Boyd Crumrine, p. 206

BOYD CRUMRINE, one of Pennsylvania's prominent men and whose name Washington county is as "familiar as household words," is a native of the county, having been born on February 9, 1838, in East Bethlehem township, on the farm first occupied by his grandfather in 1800. He was a son of Daniel and Margaret Crumrine, and, as will be presently seen, with the exception of a great grandfather on the maternal side, who was. an Englishman, George Rex by name, his blood is all German, from the upper Rhine.

From 1682 to 1776 Pennsylvania was the central point of emigration from Germany, France and Switzerland. For the first period of twenty years, that is until 1702, not over two hundred German families arrived, and those settled principally at Germantown and other localities near Philadelphia. But the period from 1702 to 1727 marked an era in early German emigration, and between forty and fifty thousand persons left their Fatherland. Queen Anne of England, desiring to fill up her American colonies without depleting the British kingdom, caused copies of a book to be distributed throughout the Palatinate in Germany, having her portrait as a frontispiece, and the title in gold letters, on which account the book was called "Das Golden Buch", to induce the Palatines to come to England in order to be sent to the Carolinas, or to others of her American colonies; and it is said that in 1708 and 1709 thirty three thousand Germans left their homes on the Rhine for London. Of this large number it is said that seven thousand, after having suffered great privations, returned and half naked and in despondency to their native country, ten thousand died for want of sustenance or medical attendance, and other causes. and the survivors were sent to America.

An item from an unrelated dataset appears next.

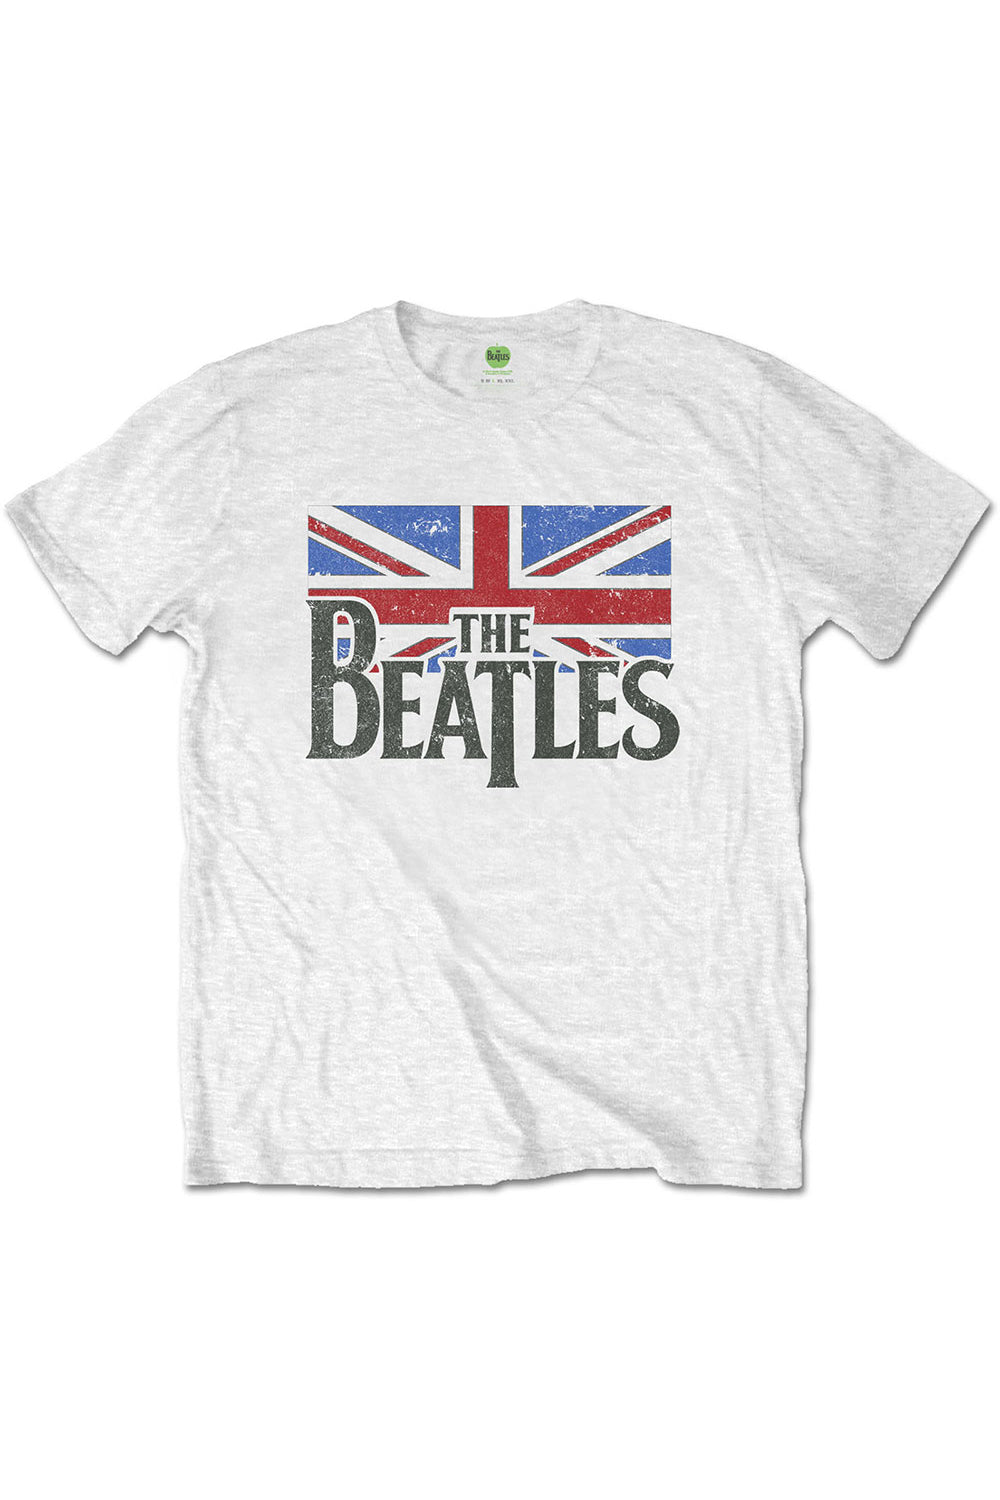 The Beatles white logo & vintage flag t-shirt.

In 1727, during the time of Governor William Keith, German immigration had so much increased that it was feared that Pennsylvania was becoming "a foreign country;" and a regulation was established by the provincial government requiring that foreigners on their arrival should subscribe an oath of allegiance to the kingdom of Great Britain and of fidelity to the proprietaries of the Province. All persons over sixteen were made to sign this oath, and when they could not write, their names were written for them and attested by a clerk. By this means the names of over thirty thousand German and Swiss immigrants into Pennsylvania between 1727 and 1776, when the colonies separated from the mother country, have been preserved. These lists are still to be seen in the Department of State at Harrisburg, and the attention of one who examines them will be attracted by two things to be observed: (1) Every ship's-list of passengers, almost, was headed by the name of the pastor who was leading them as a flock into the wilderness; (2) Excepting a very small percentage of the whole number, every name is written in German, evidently the writer's autograph, and generally in the clear hand of a good penman. From these lists I. Daniel Rupp made up his "Collection of Thirty Thousand Names of immigrants published a few years since in Philadelphia.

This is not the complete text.